On a more hopeful note several informants told Swann the shoes were a good luck charm. A woman in Hertfordshire said that when discarding a pair of worn-out shoes one should go to water and one to fire, for good luck, leading Swann to question whether the chimney could count as fire and perhaps explaining why shoes are occasionally found washed up on Blackpool beach.
But the theory doesn’t explain why the second most popular place for concealing shoes is under floorboards. One informant told Swann that in the 1930s her grandmother had put a pair of her shoes under the floorboards when they moved house to ensure they settled there.
What seems certain is that there is no clear pattern to be found in the CSI. And while superstition may have informed the custom, Swann points out that ultimately it was done by ordinary people, from all walks of life.
“In all the years that I’ve dealt with this, from 1950 onwards, I have never used the words ritual, sorcery, witchcraft or magic – you can write that lot off. Treat it with respect was the last thing I wrote on the subject – whatever you do treat it with the respect that was shown by the people that were doing it. It wasn’t a religion but it was damn close to it – it’s something profound that you’re doing, it’s not just sticking an old shoe in a wall. When you think you can’t go anywhere without a pair of shoes, they are the most precious thing you’ve got.”

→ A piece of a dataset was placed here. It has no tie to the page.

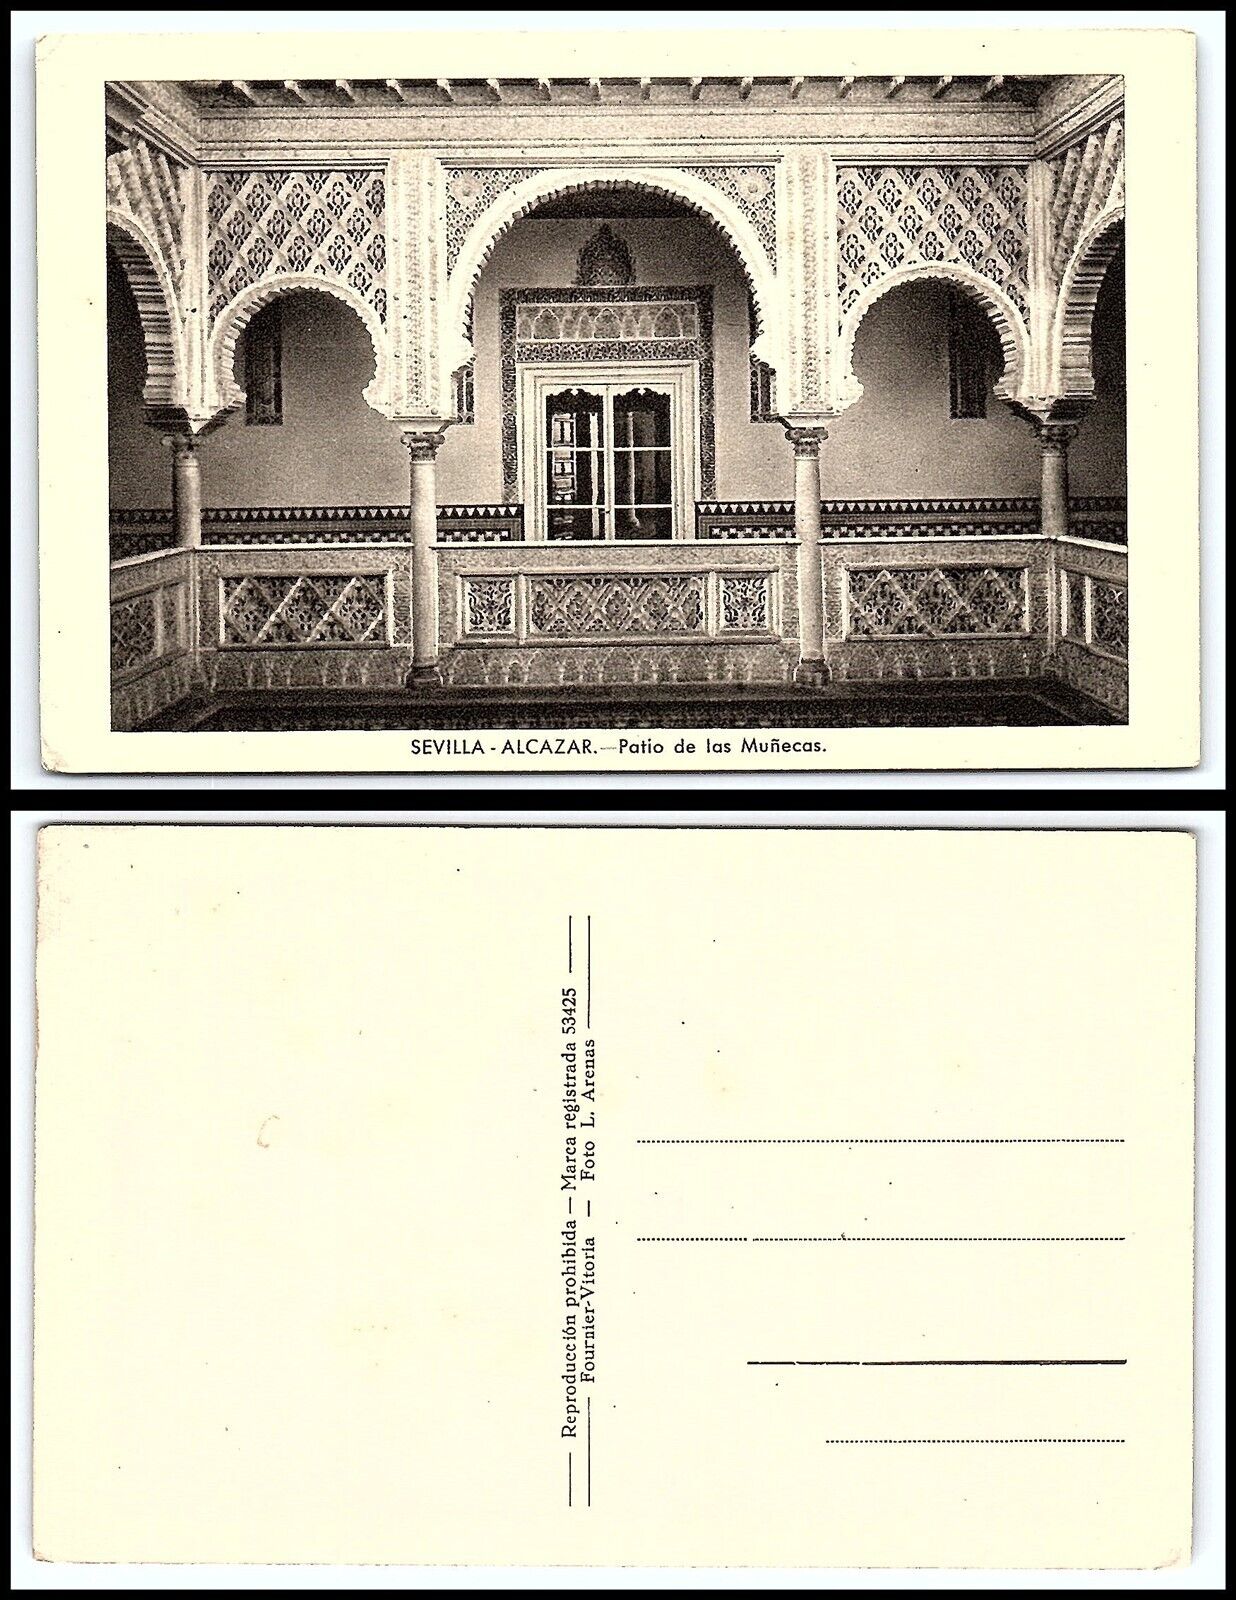 SPAIN Postcard - Sevilla, Alcazar, Patio de las Munecas D10

Swann says she’s encountered much secrecy surrounding the practice over the years and this probably explains why the meaning has become obscured. She regrets having done the research.
“It mucks up what people do. It puts ideas into other people’s heads. They put shoes in buildings because ‘June-so-and-so said people do that’. I’ve read extensively all my life and I’ve never come across a reference to it anywhere else. People didn’t write about it because they respected it.”
So, I ask with trepidation, should I not write about it? “Well, that’s on your own head,” she warns. “Tread carefully anyway.”